Ein klares Bekenntis also zum Gedanken von Open Access. Bemerkenswert ist die sachliche Kompetenz dieses politischen Dokuments. Da hat sich wohl jemand wirklich mit dem Thema auseinandergesetzt.
Der Gedanke einer Daseinsvorsorge im Bereich von Wissen und Information lohnt ein vertieftes Nachdenken. Analog zum Begriff der "informationellen Selbstbestimmung", den das Bundesverfassungsgericht geprägt hat, könnte man von einer "informationellen Daseinsvorsorge" sprechen.

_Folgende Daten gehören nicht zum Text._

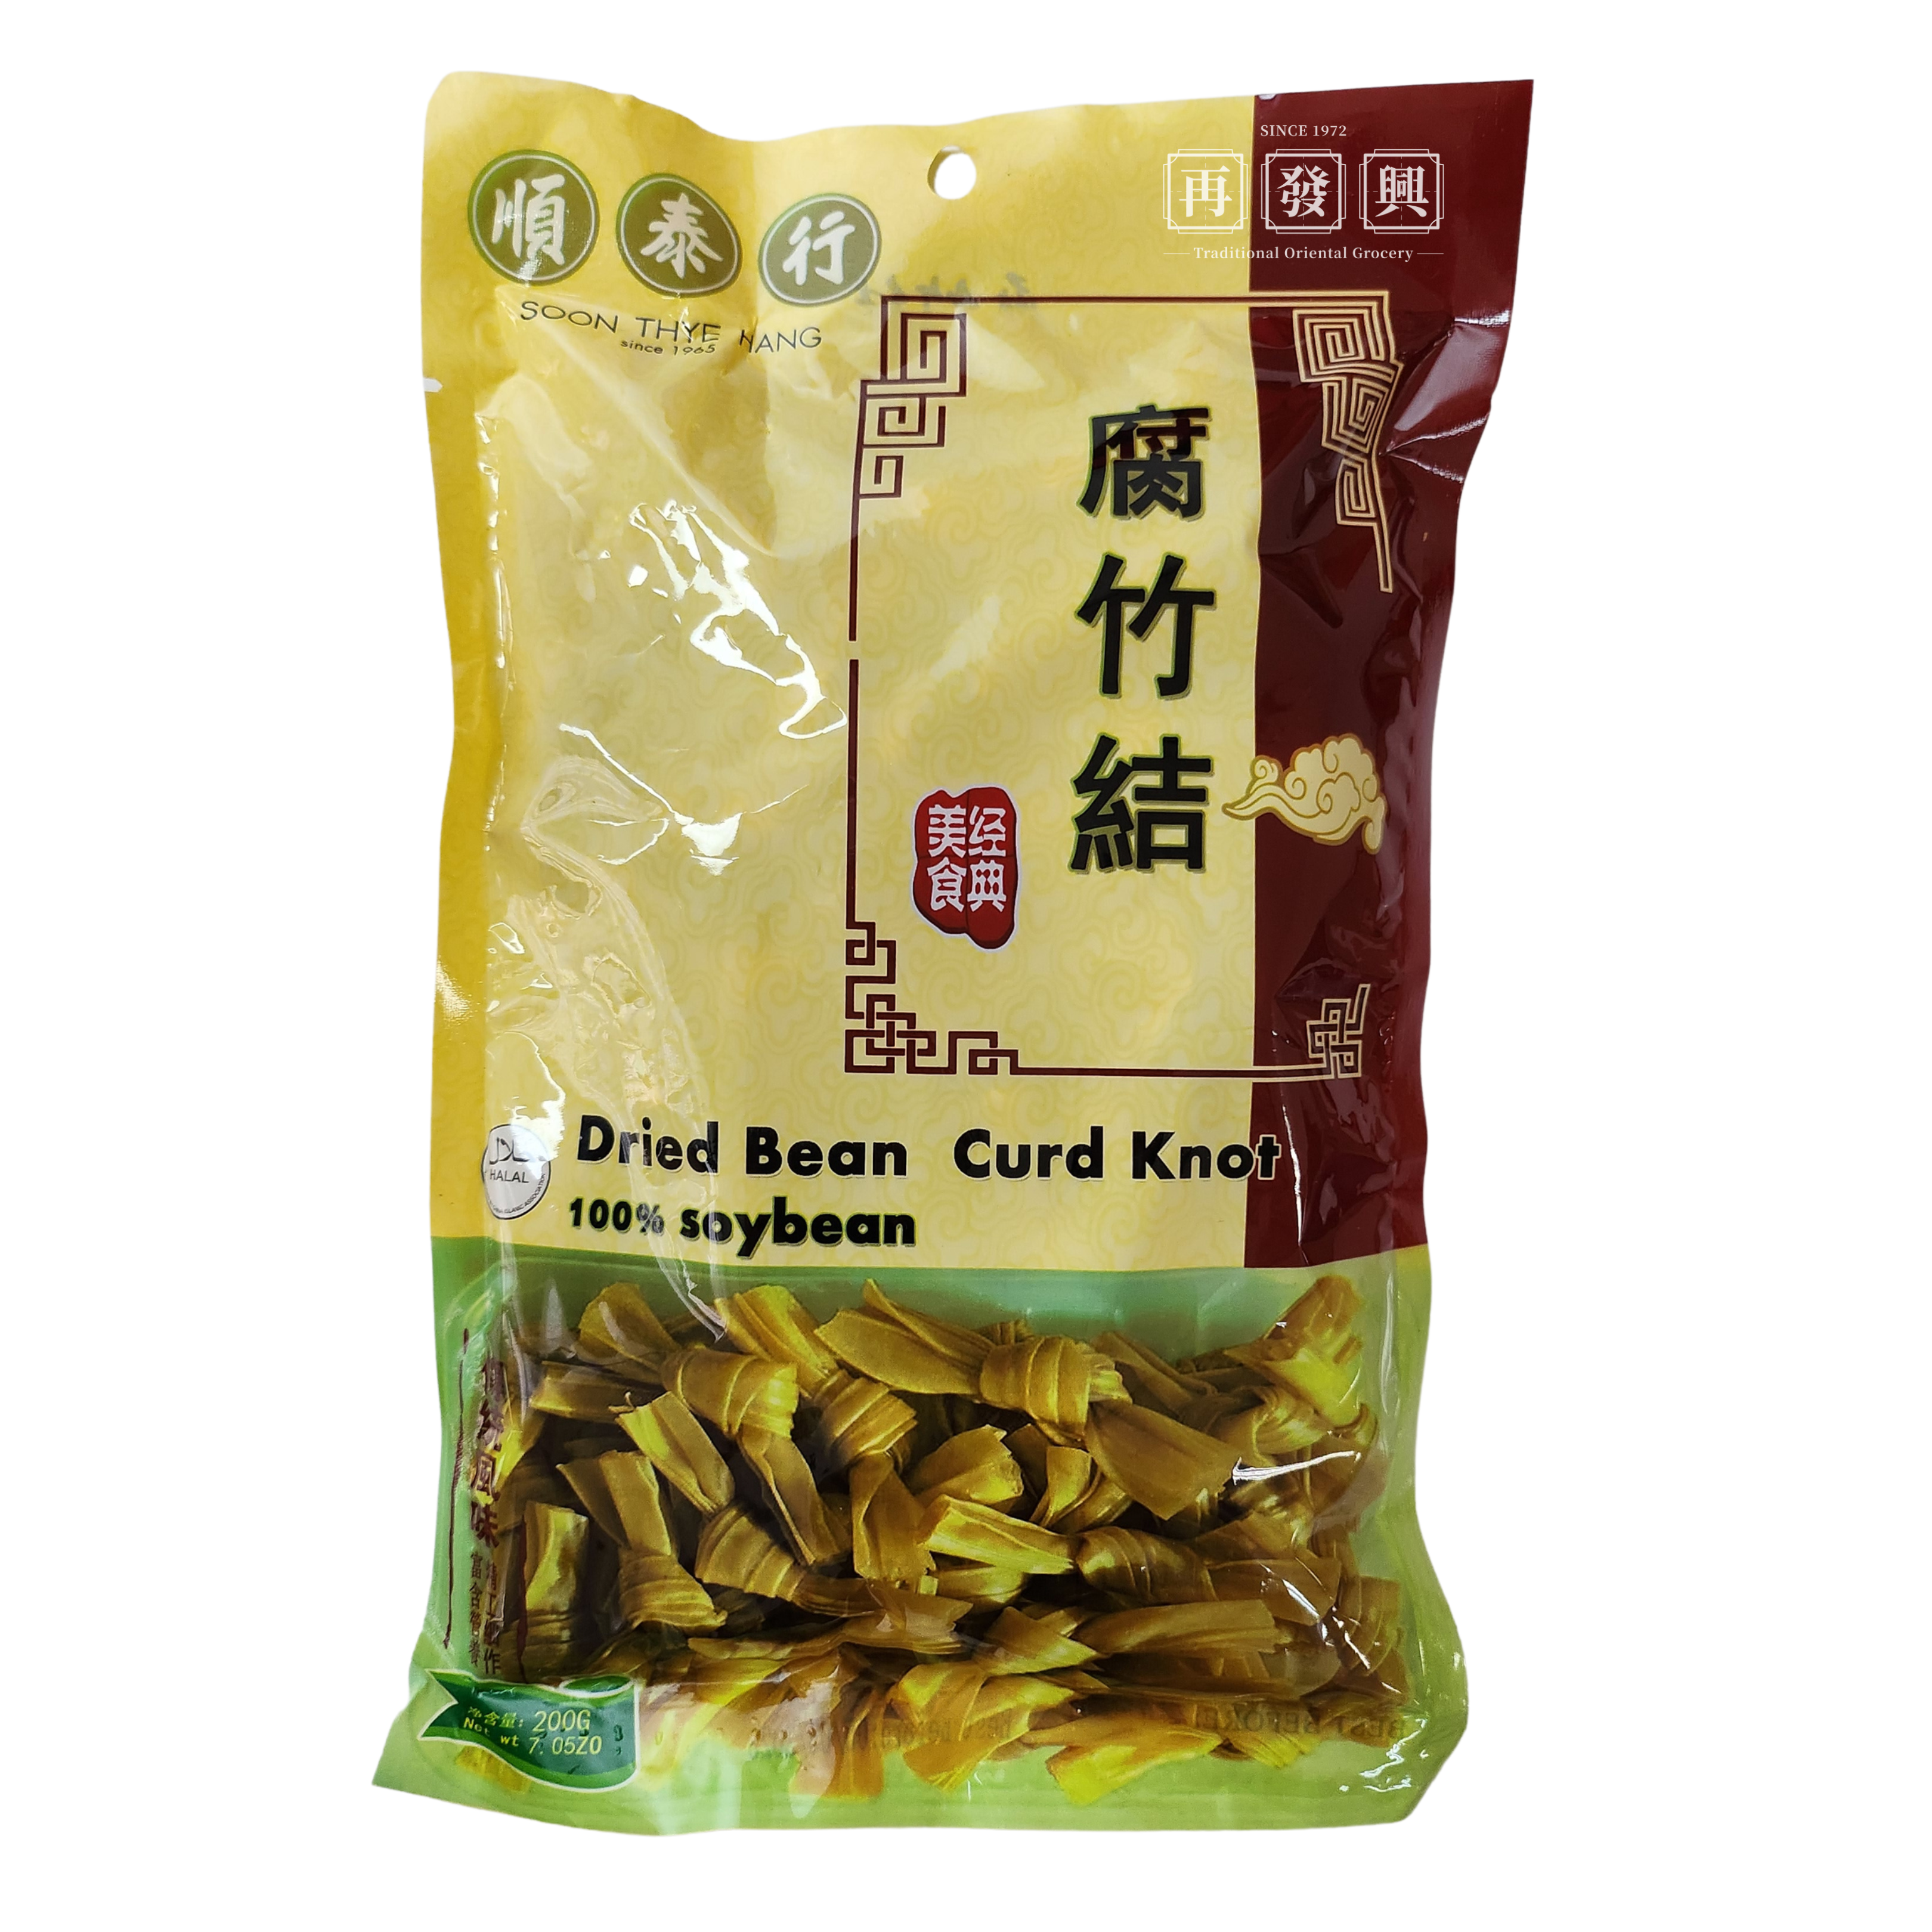 STH Dried Bean Curd Knot (100% Soybean) 腐竹结 200g
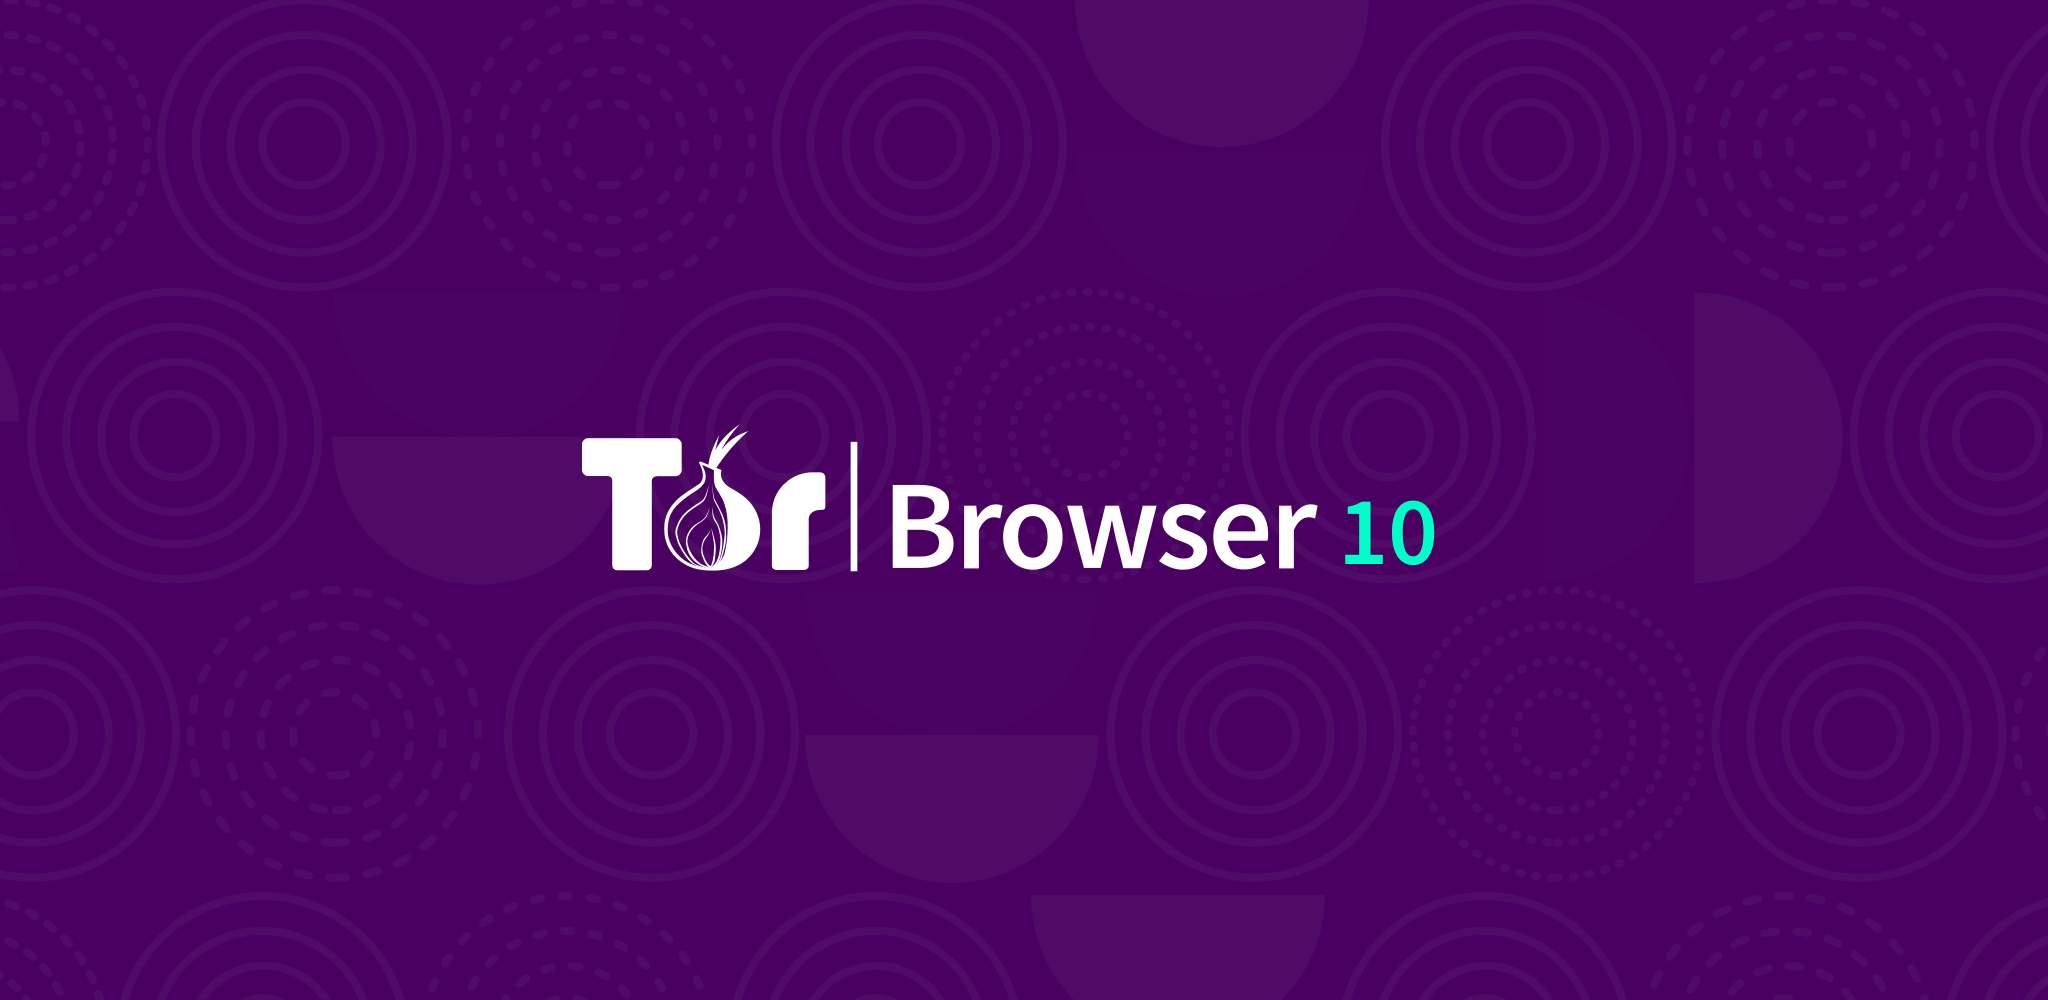 Tor browser last version mega лучший поисковик в тор браузере мега

Diese Gedanken sind nicht aus der Luft gegriffen. Im Staatsrecht gibt es mehr und mehr Ansätze zu einem regelrechten Wissensverfassungsrecht. In der aktuellen Auflage des vierten Bandes des renommierten Handbuchs des Staatsrechts geht Hanno Kube in seinem Beitrag „Neue Medien – Internet“ (§ 91) der Frage nach, inwieweit aus den Kommunikationsgrundrechten in Art. 5 GG die Pflicht des Staates zur Gewährleistung von Kommunikationsgerechtigkeit abzuleiten sei. Hierzu könne es auch gehören, "Internetterminals in öffentlichen Gebäuden" aufzustellen (Rn. 28).
Diese Diskussion steckt noch in den Anfängen, aber sie hat begonnen.